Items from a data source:
◇ ◇ ◇ ◇
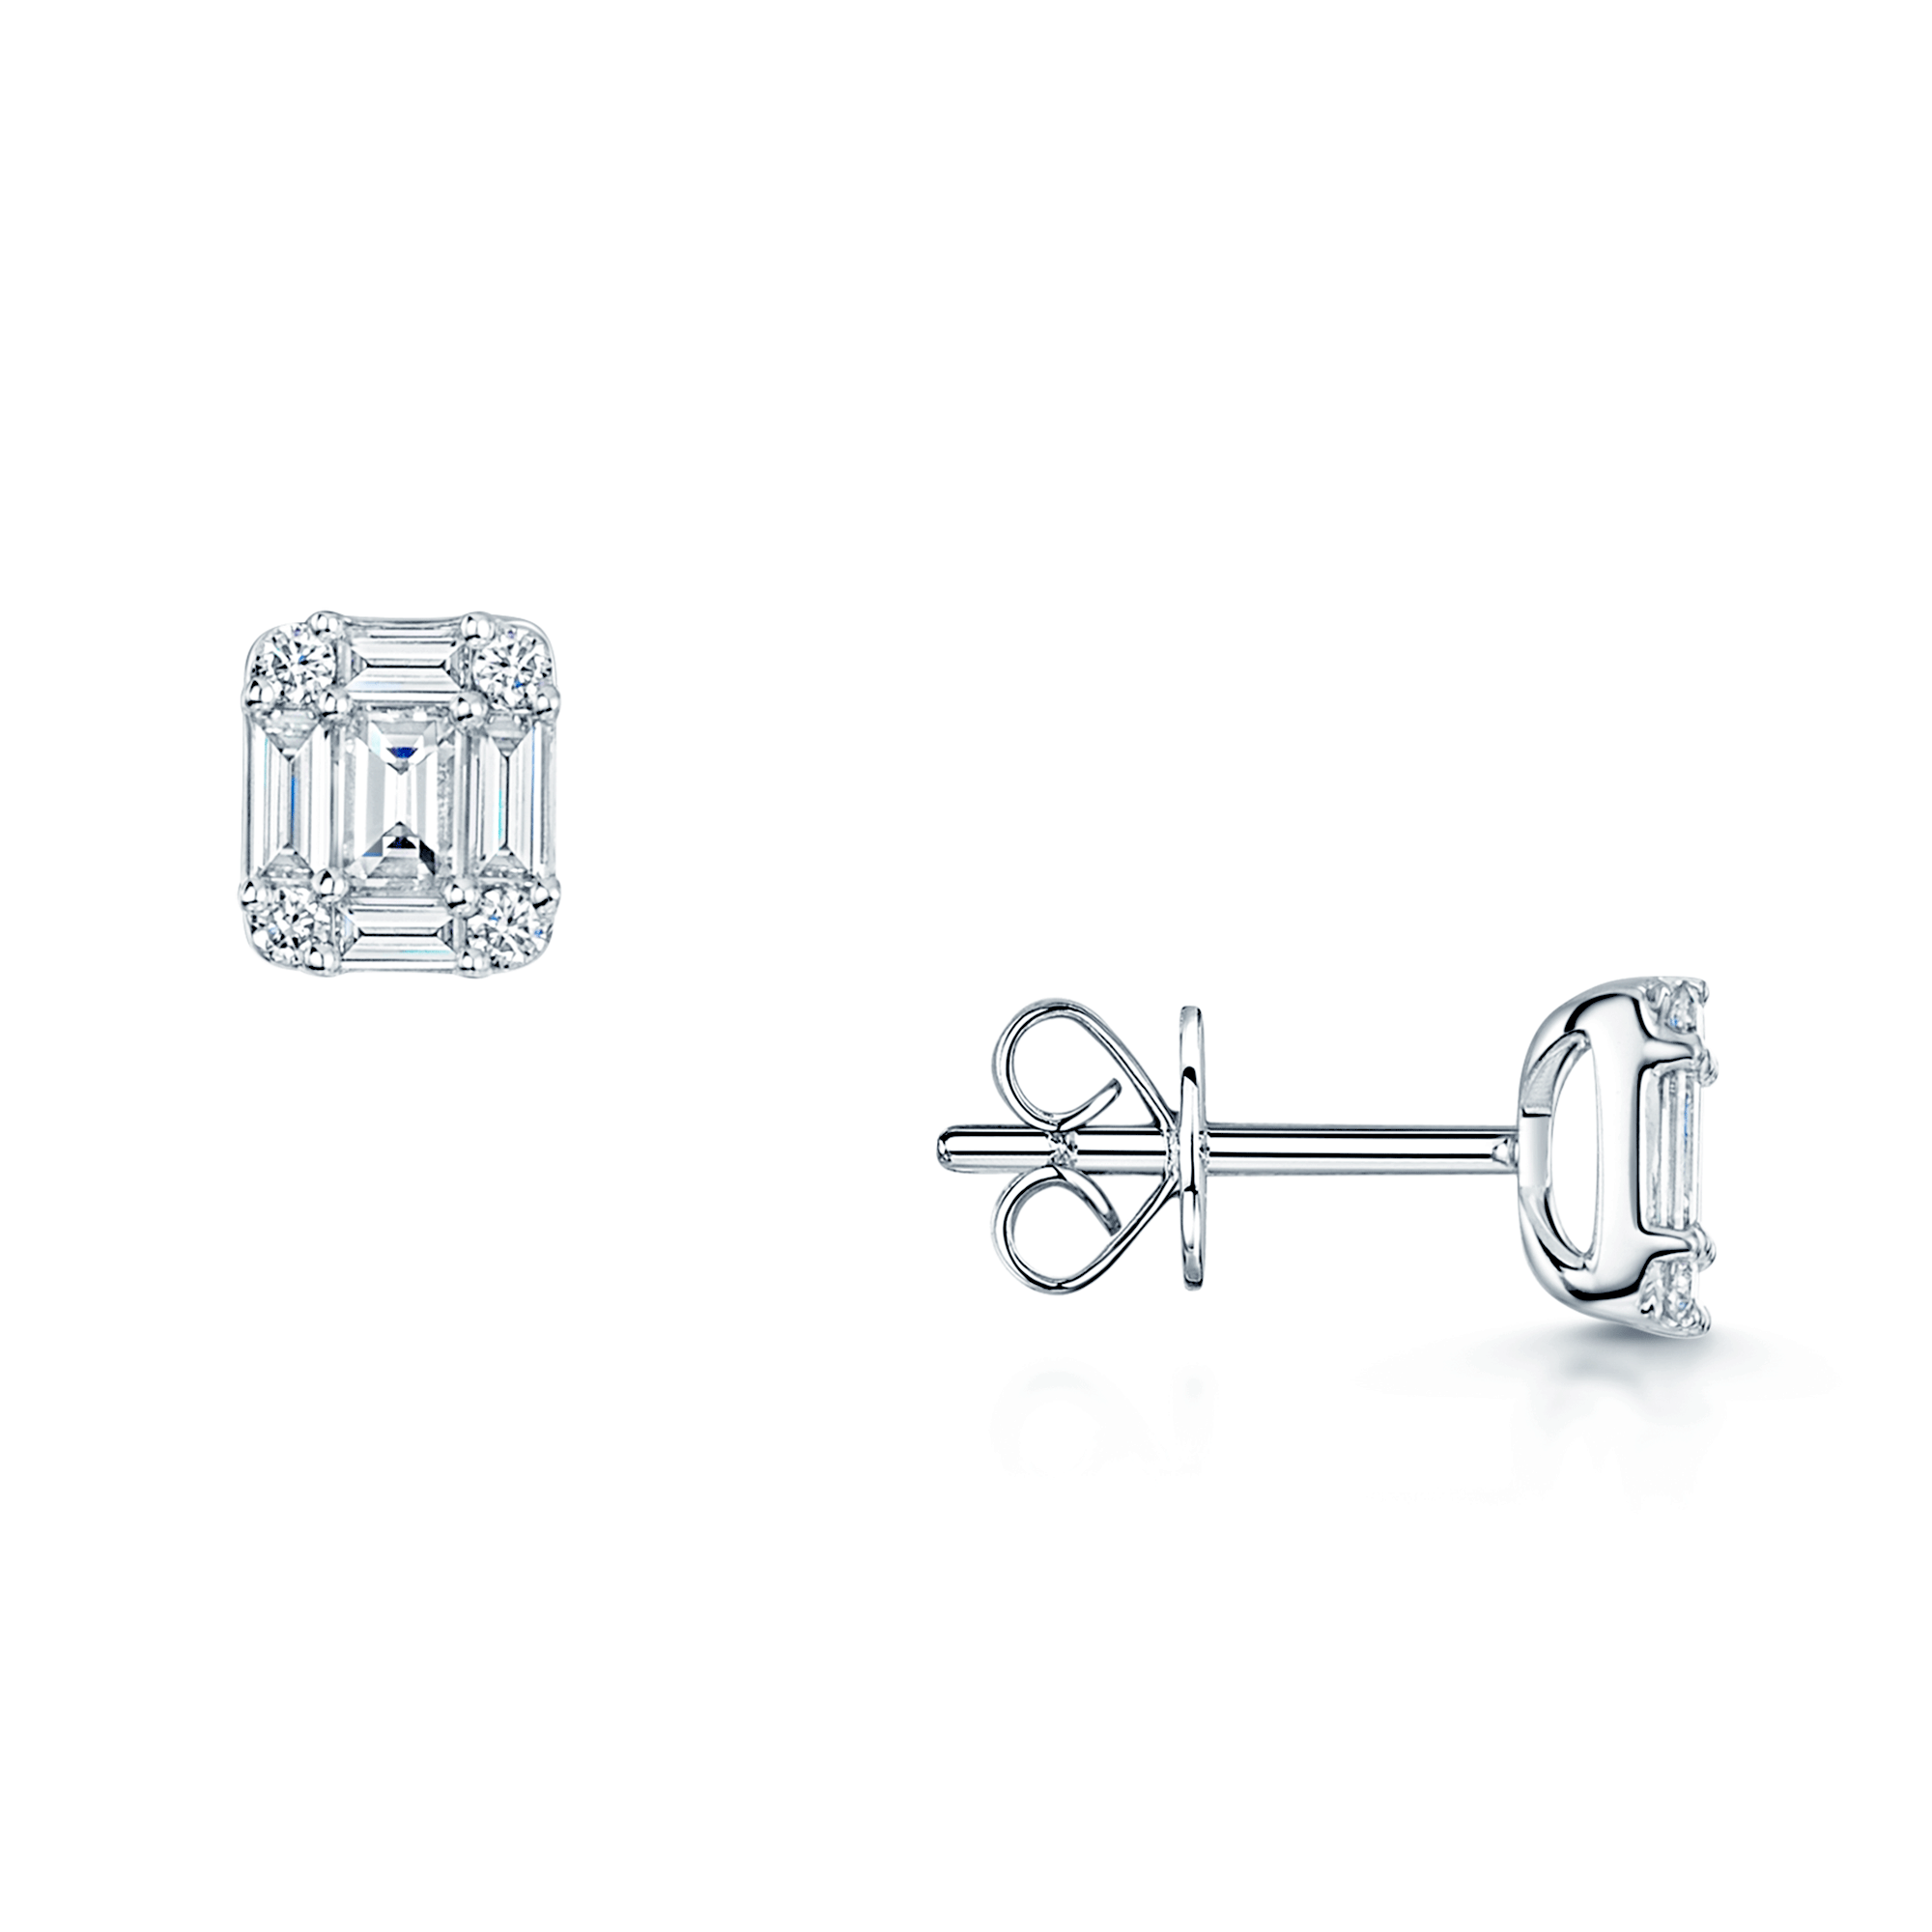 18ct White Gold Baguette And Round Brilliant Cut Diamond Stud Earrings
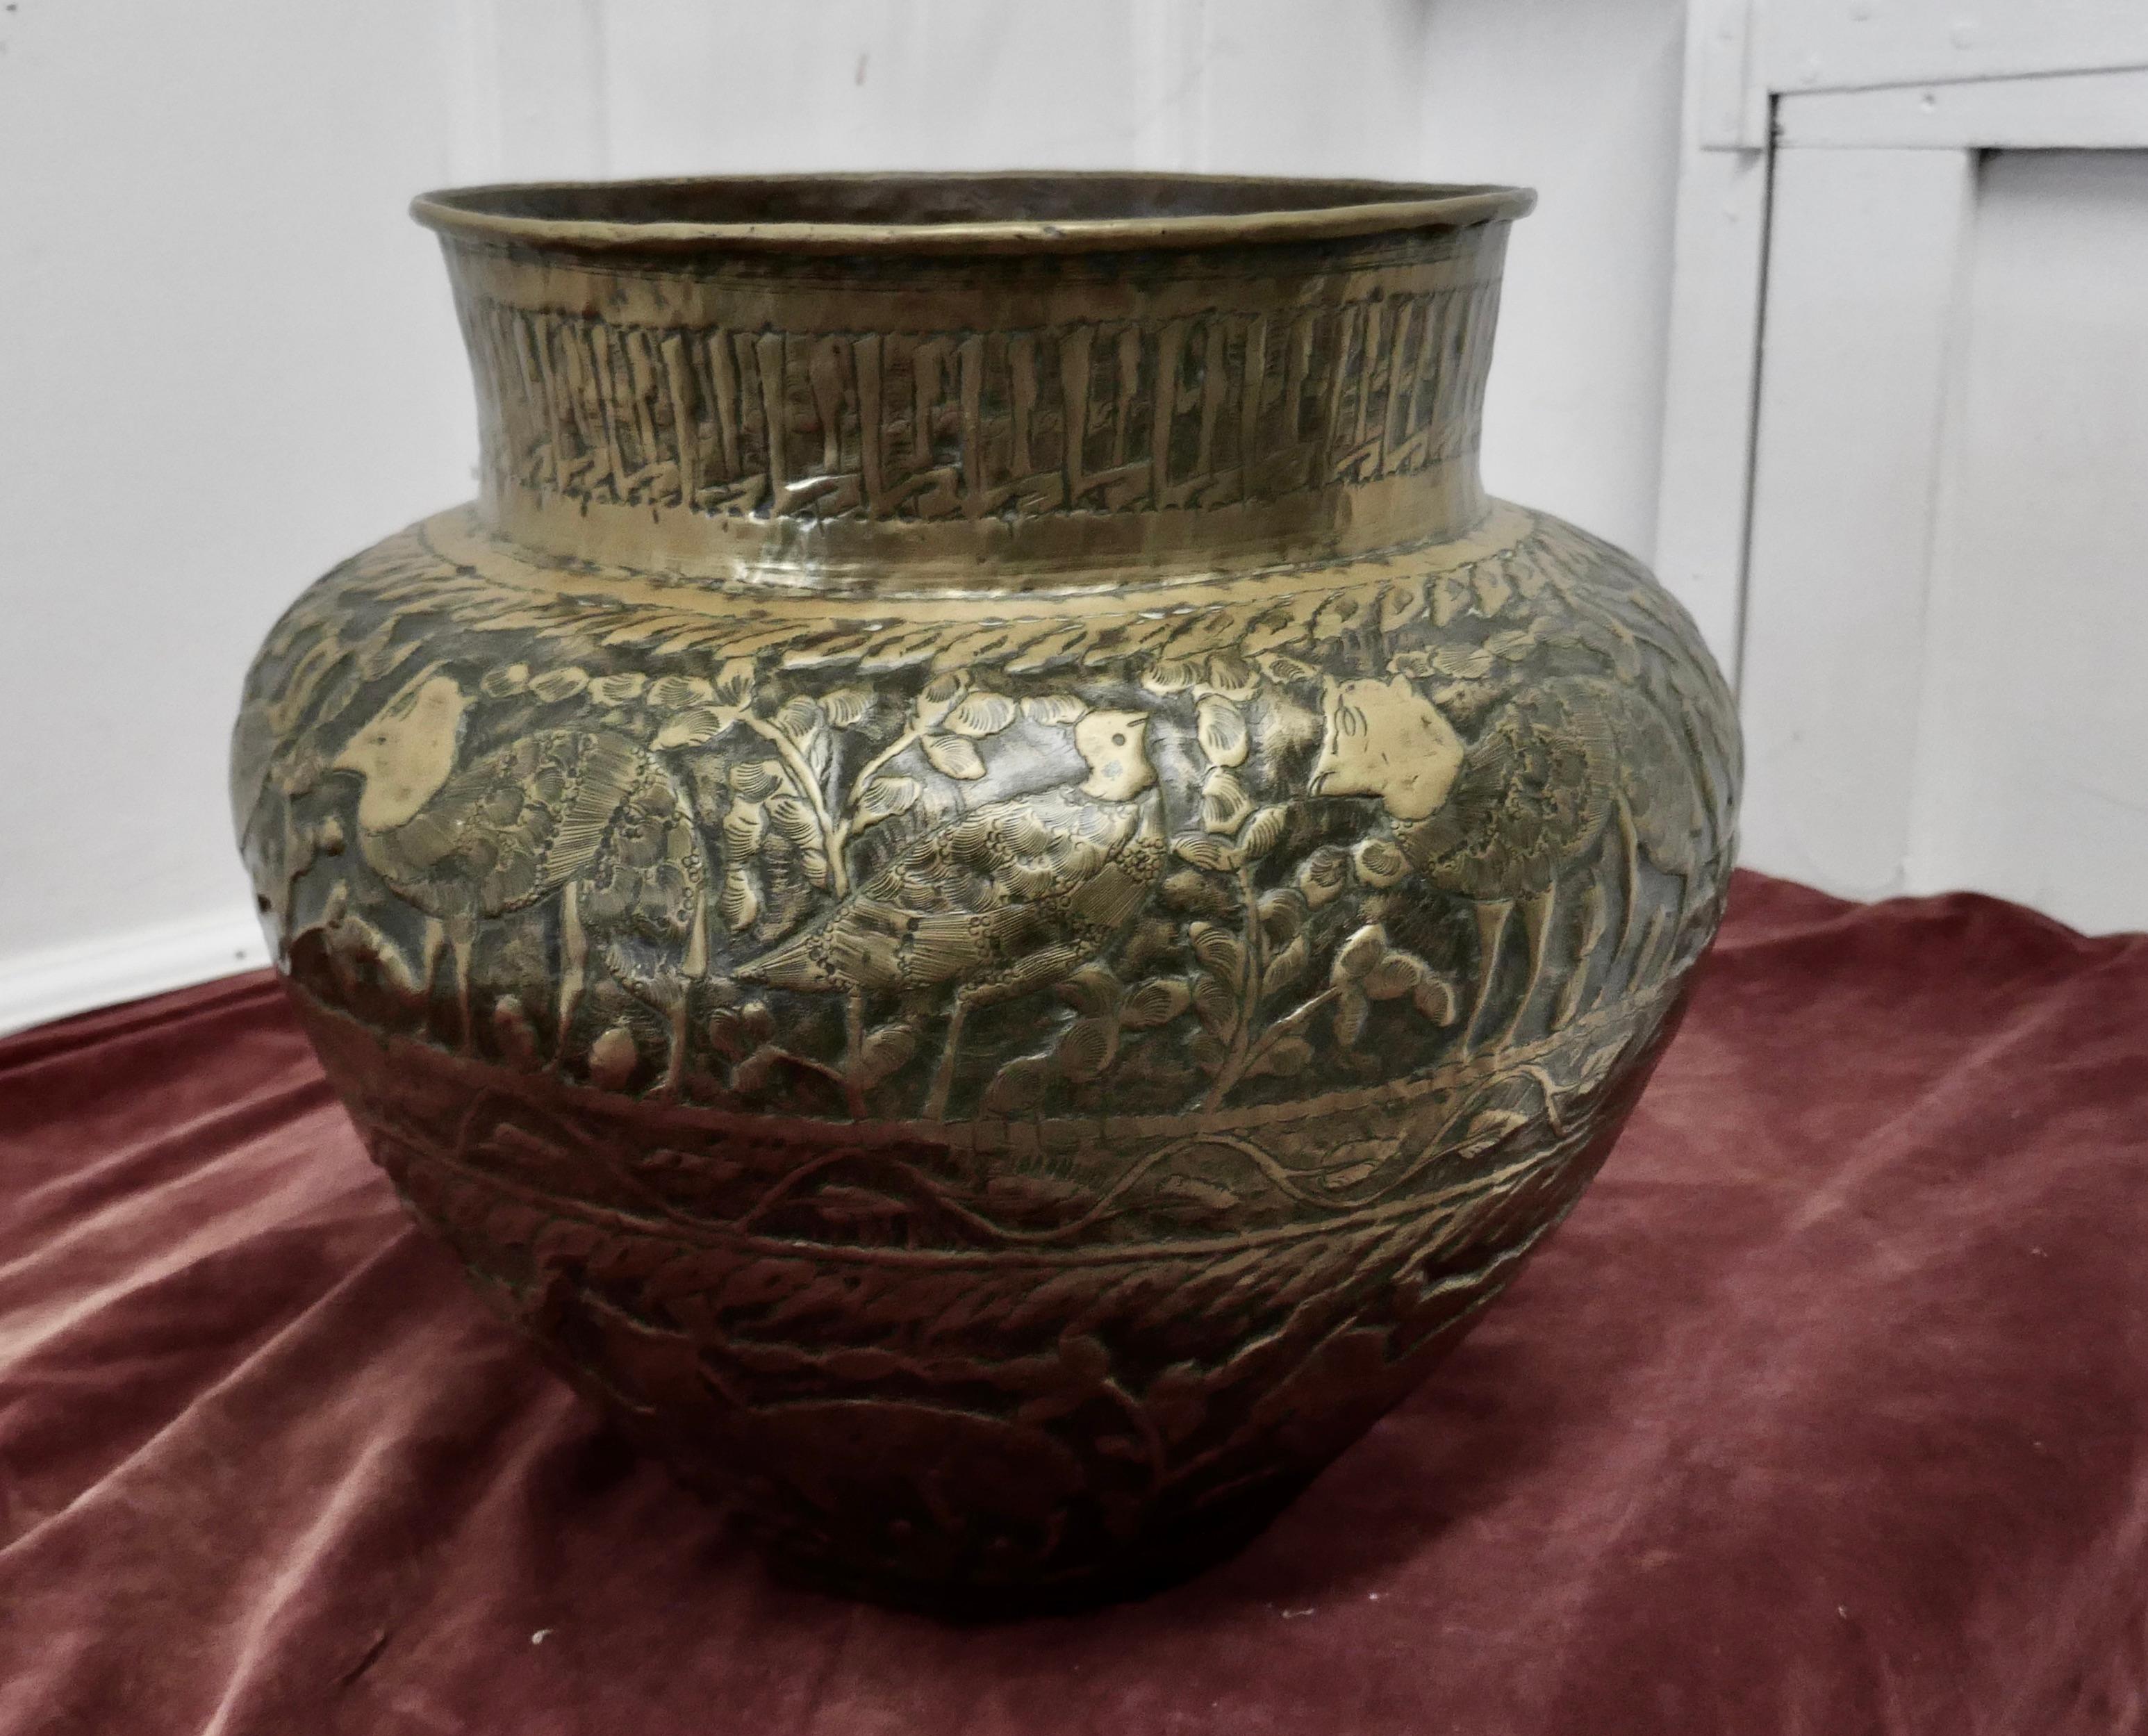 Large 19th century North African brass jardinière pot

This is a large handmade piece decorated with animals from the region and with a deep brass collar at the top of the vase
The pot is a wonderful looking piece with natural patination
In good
◇ ◇ ◇ ◇
Wherever the string "with" appears in a line of the records above, copy that line.

SOLUTION TO THE PROBLEM:
This is a large handmade piece decorated with animals from the region and with a deep brass collar at the top of the vase
The pot is a wonderful looking piece with natural patination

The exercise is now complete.